If the passage extraction device is a server that is connected to a client terminal via a network such as the Internet or an intranet, use a search engine that is held by itself or use another search server via a network such as the Internet or an intranet. It is configured to retrieve documents and extract passages. The user transmits a statement of interest from the client terminal to the passage extraction device, receives the passage as the extraction result.

When the passage extraction device is a user's client terminal, the passage is extracted by searching for a document using a search server via a network such as the Internet or an intranet. The client terminal accepts the statement of interest from the character input device, displays the passage result on the screen as the extraction result.

FIG. 1 is a diagram showing an overall processing flow. The operation of the passage extraction device will be described. In the focused statement input process (S101), a focused statement indicating the content to be judged true / false (affirmative and negative) is input. In the conflict statement specifying process (S102), the conflict statement of the content that conflicts with the content of the statement of interest is specified.

In the statement related document search process (S103), a statement related document is searched on condition of the statement of interest and the conflict statement. Statement-related documents are classified into a purely focused search document set, a pure conflict search document set, and a duplicate search document set.

In the document frequency calculation process (S104), a document frequency that is the number of documents in which a predetermined word appears in the document set is calculated. Specifically, the net focus search document frequency for the net focus search document set, the net conflict search document frequency for the net conflict search document set, and the duplicate search document frequency for the duplicate search document set are calculated.

In the word score calculation process (S105), a word score indicating a positive characteristic and a negative characteristic for the statement of interest is calculated. The word score may be a positive or negative score that indicates one characteristic in a one-dimensional manner with both characteristics as opposite characteristics, or a positive score and a negative score that indicate both characteristics independently.

In the passage range setting process (S106), the passage range is determined. A passage is a series of partial sentences in a search document. The passage may be a fixed size or an arbitrary size.

In the passage score calculation process (S107), a passage score indicating the degree of parallelism for both positive and negative characteristics with respect to the statement of interest is calculated. That is, the degree to which the condition that the passage has a positive characteristic and further a negative characteristic is achieved is quantified. In addition, the degree of adaptation of propositions or themes (topics) that are the premise of affirmation and denial may be evaluated together. In the passage score calculation, in addition to the method of directly using the word score, the word score is indirectly used, such as a method of judging according to the appearance mode of the feature word determined based on the word score, or a method using a sentence score. A method is conceivable.

In the passage selection process (S108), a passage is selected based on the passage score. Select a higher value, that is, a superior score. In the passage output process (S109), the selected passage is output.
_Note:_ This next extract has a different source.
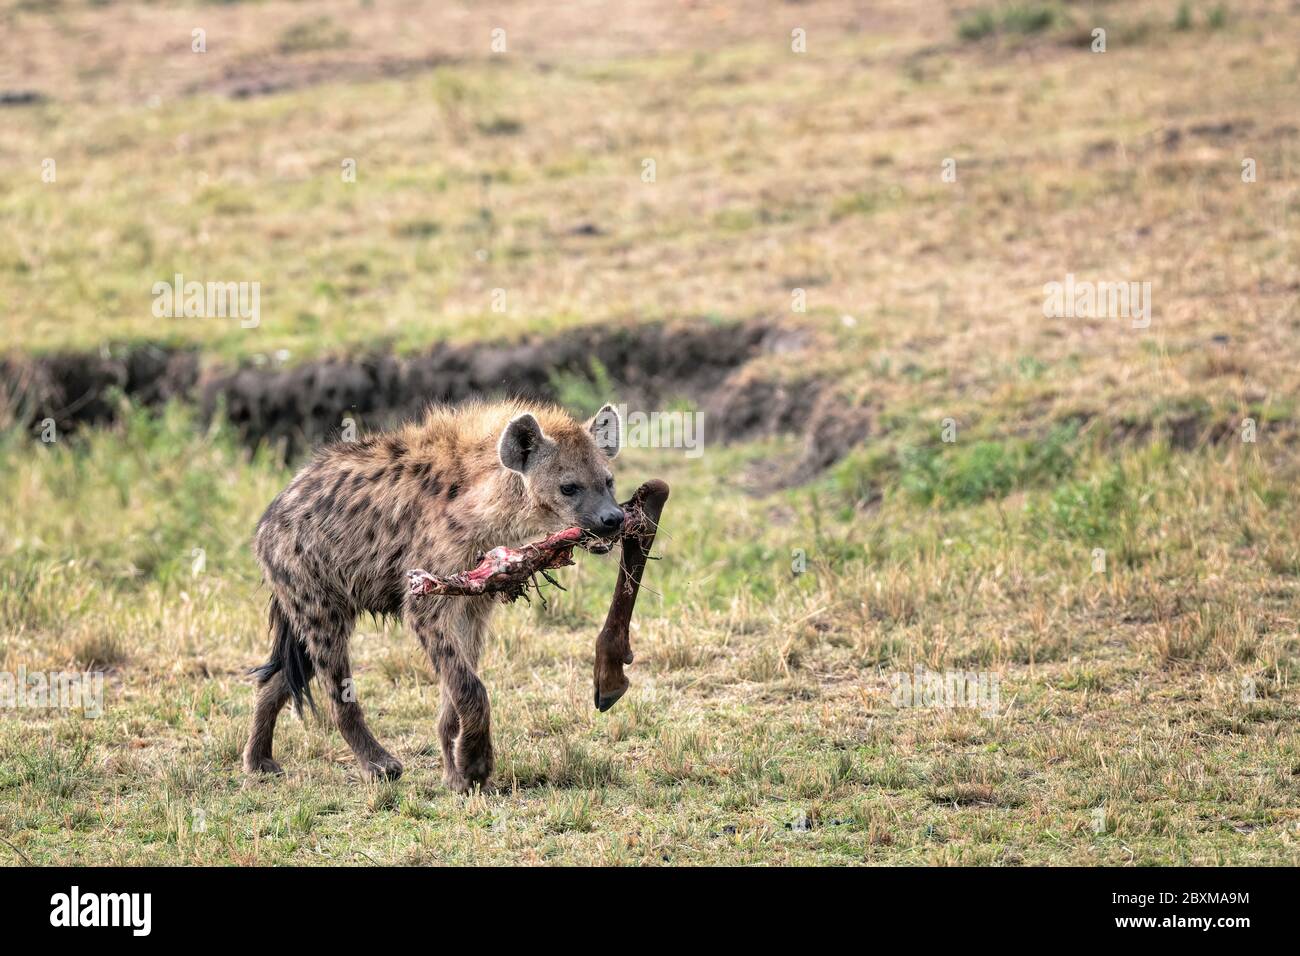 Hyena caminando por la sabana con un hueso de la pierna en la boca. Imagen tomada en el Masai Mara, Kenia. Foto de stock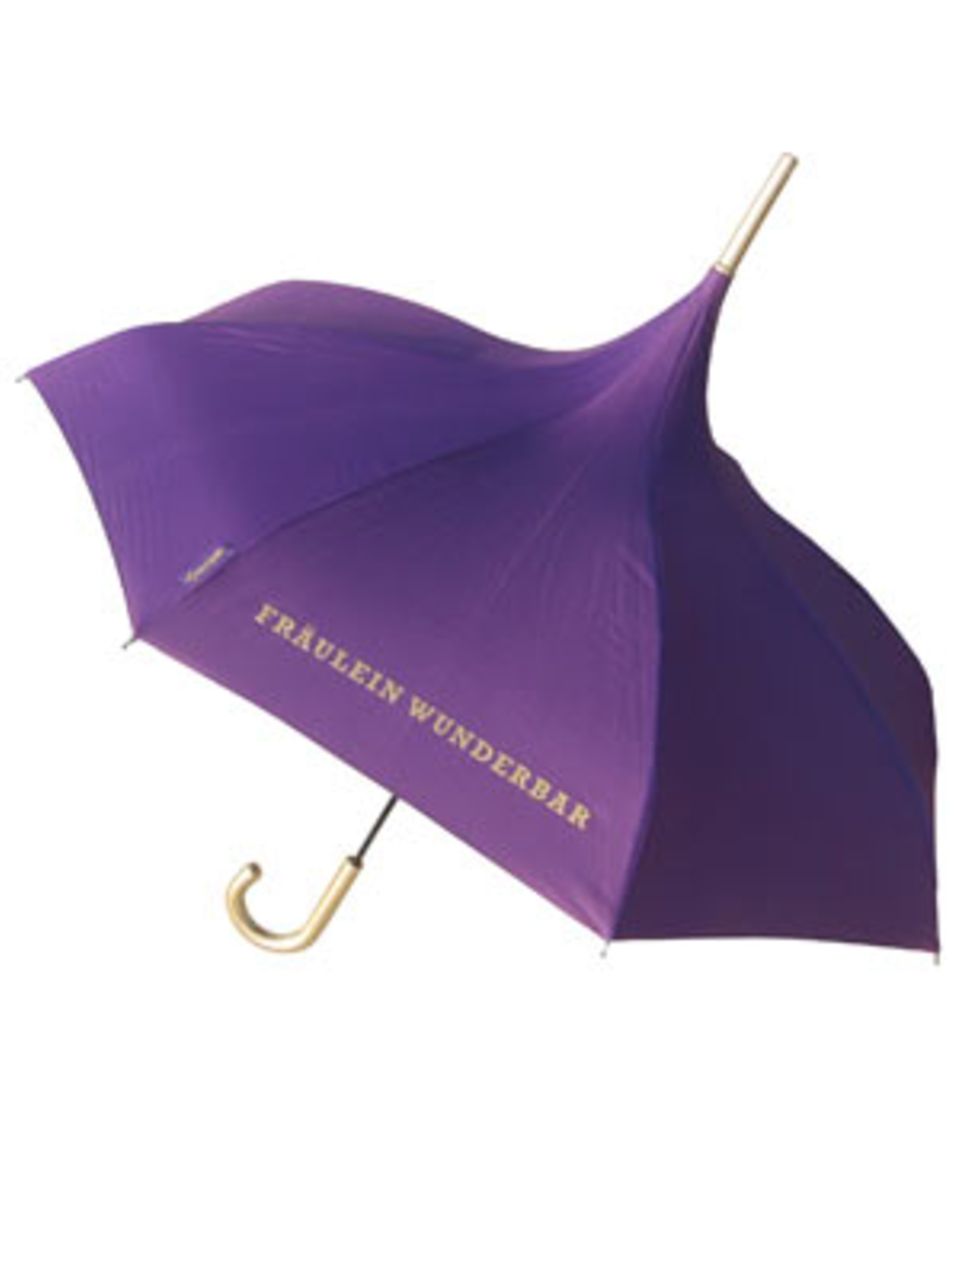 Damit schon der Weg in die Uni Spaß macht: Schirm mit Schriftzug "Fräulein Wunderbar" von Pinja, um 24 Euro.

First, the focused statement input process (S101) and the conflict statement specifying process (S102) will be described. FIG. 2 is a diagram illustrating a configuration relating to a focus statement input and conflict statement specification in the passage extraction device. The passage extraction apparatus includes a notice statement input unit 201, a notice statement storage unit 202, a conflict statement specifying unit 203, and a conflict statement storage unit 204.

The focus statement input unit 201 inputs a focus statement and stores it in the focus statement storage unit 202. A statement of interest is a natural sentence or a phrase indicating a matter for judging authenticity. Although it is mainly a natural sentence such as “diesel cars are good for the environment”, it is also effective for phrases such as “diesel cars that are good for the environment”. For example, an operator inputs via a character input device. Or it receives from a client terminal via a network.

The conflict statement specifying unit 203 reads the focus statement from the focus statement storage unit 202 and generates a conflict statement. FIG. 3 is a diagram showing a conflict statement specifying process flow. Content words included in the statement of interest are identified (S301). The content word is a word having a general meaning other than the function word having a grammatical role. In this example, adjectives, verbs, nouns, and saun nouns are targeted. Then, for each of the content words (S302), it is determined whether there is an antonym (S303). If there is an antonym, the content word in the statement of interest is replaced with the antonym to make an opposing statement (S304). An antonym is acquired from an antonym dictionary database. The process ends when all content words have been processed (S305). That is, the number of conflict statements in which there is an antonym is generated and stored in the conflict statement storage unit 204. When the statement of interest is a natural sentence, the conflict statement is also a natural sentence, and when the statement of attention is a phrase, the conflict statement is also a phrase. For example, a confrontation statement “diesel vehicle is bad for the environment” is generated for the focus statement “diesel vehicle is good for the environment”, and “a bad environment is good” for the statement “the diesel vehicle is good for the environment”. A conflict statement of “diesel vehicle” is generated.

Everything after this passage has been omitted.